DFT and experimental study of elemental mercury (Hg⁰) removal by 2D-g-C₃N₄

Abstract

2D-g-C3N4 nanosheet was prepared and employed for the adsorption of elemental mercury (Hg0). The g-C3N4 was analyzed through X-ray diffraction (XRD), scanning electron microscope (SEM) and Fourier transform infrared spectroscopy (FT-IR) methods, and the results showed that the prepared sample was well-defined 2D-nanosheet. The 2D-g-C3N4 sorbent exhibited a high Hg0 removal efficiency (> 90%) at the condition of temperature 120 °C. To investigate the mechanism of Hg0 adsorption on the 2D-g-C3N4 surface, corresponding theoretical exploration based on the first principle prediction and X-ray photoelectron spectroscopy (XPS) test was implemented.

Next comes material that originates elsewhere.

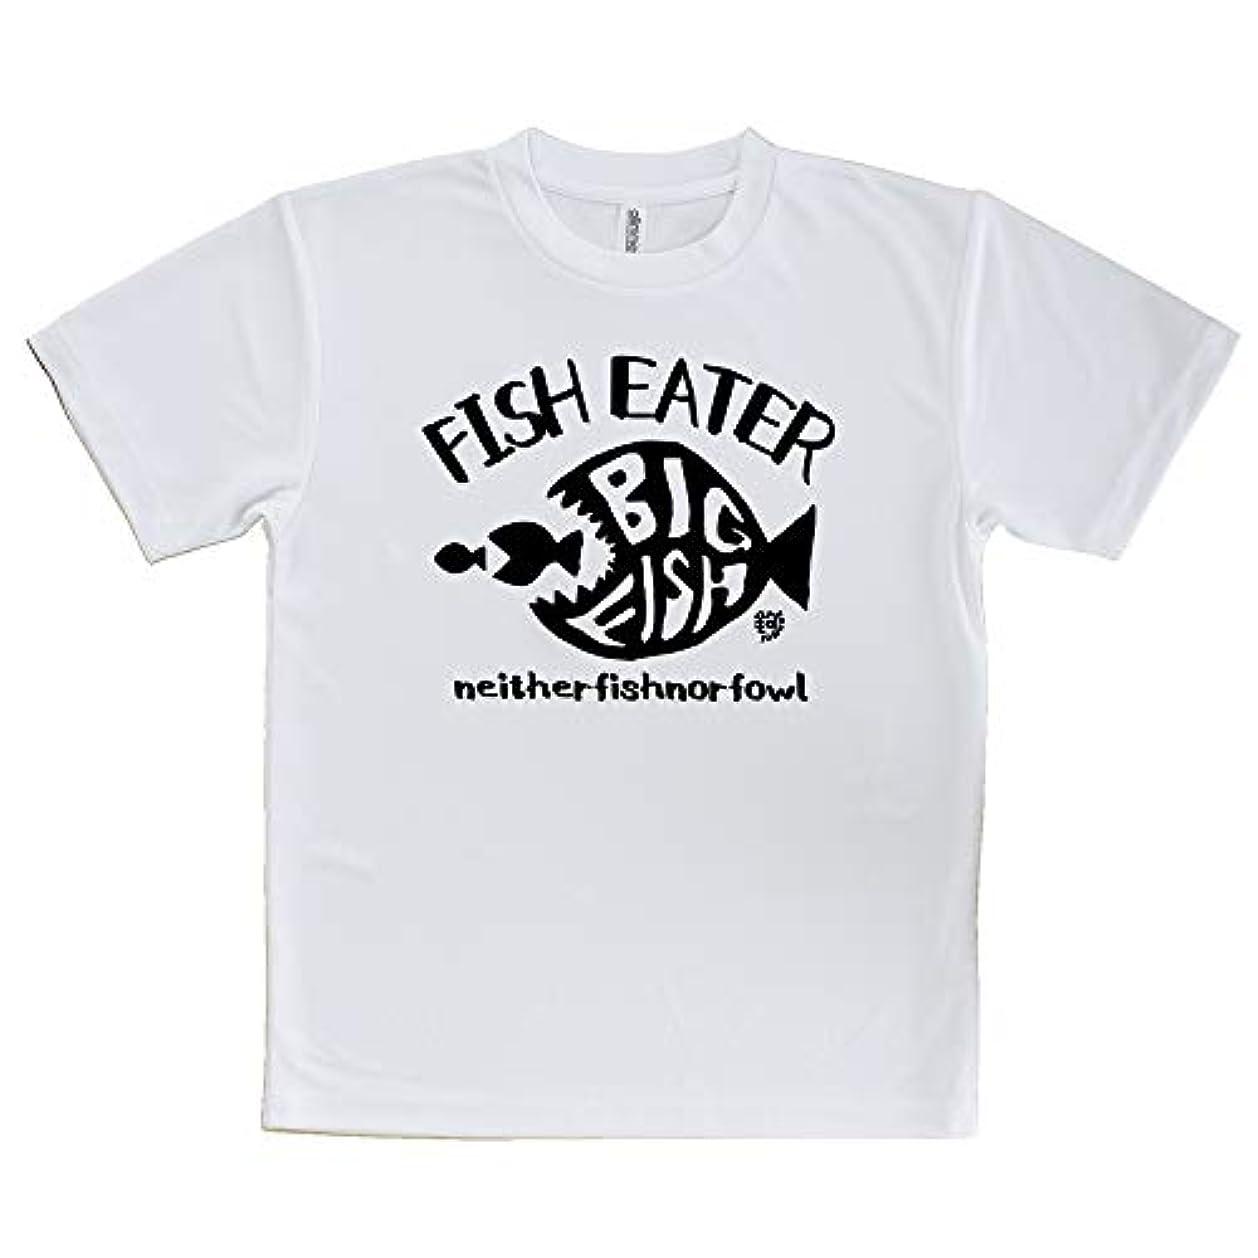 レガシーコウモリインストラクターAnglersLife Tシャツ 釣りざんまい フィッシュイーター United Athle(ユナイテッドアスレ) ホワイト 白 ポリエステル100% 4.1oz UTF30

The DFT calculation results showed that Hg0 was strongly bound to the B1 site of the g-C3N4 surface with an adsorption energy change of -162.2 kJ mol−1, the equilibrium distance of Hg-C was 3.473 Å, and electron transfer between Hg and C atoms was 0.02. The results of XPS showed the main species of mercury was HgO on the surface of 2D-g-C3N4 sample and the interaction between C3N4 surface and Hg0 was physisorption. This study provides a demonstration of proof-of-concept demonstration that g-C3N4 is a promising sorbent capable of capturing Hg0, and presents in-depth understanding of Hg0 adsorption mechanism on 2D-g-C3N4 sorbent.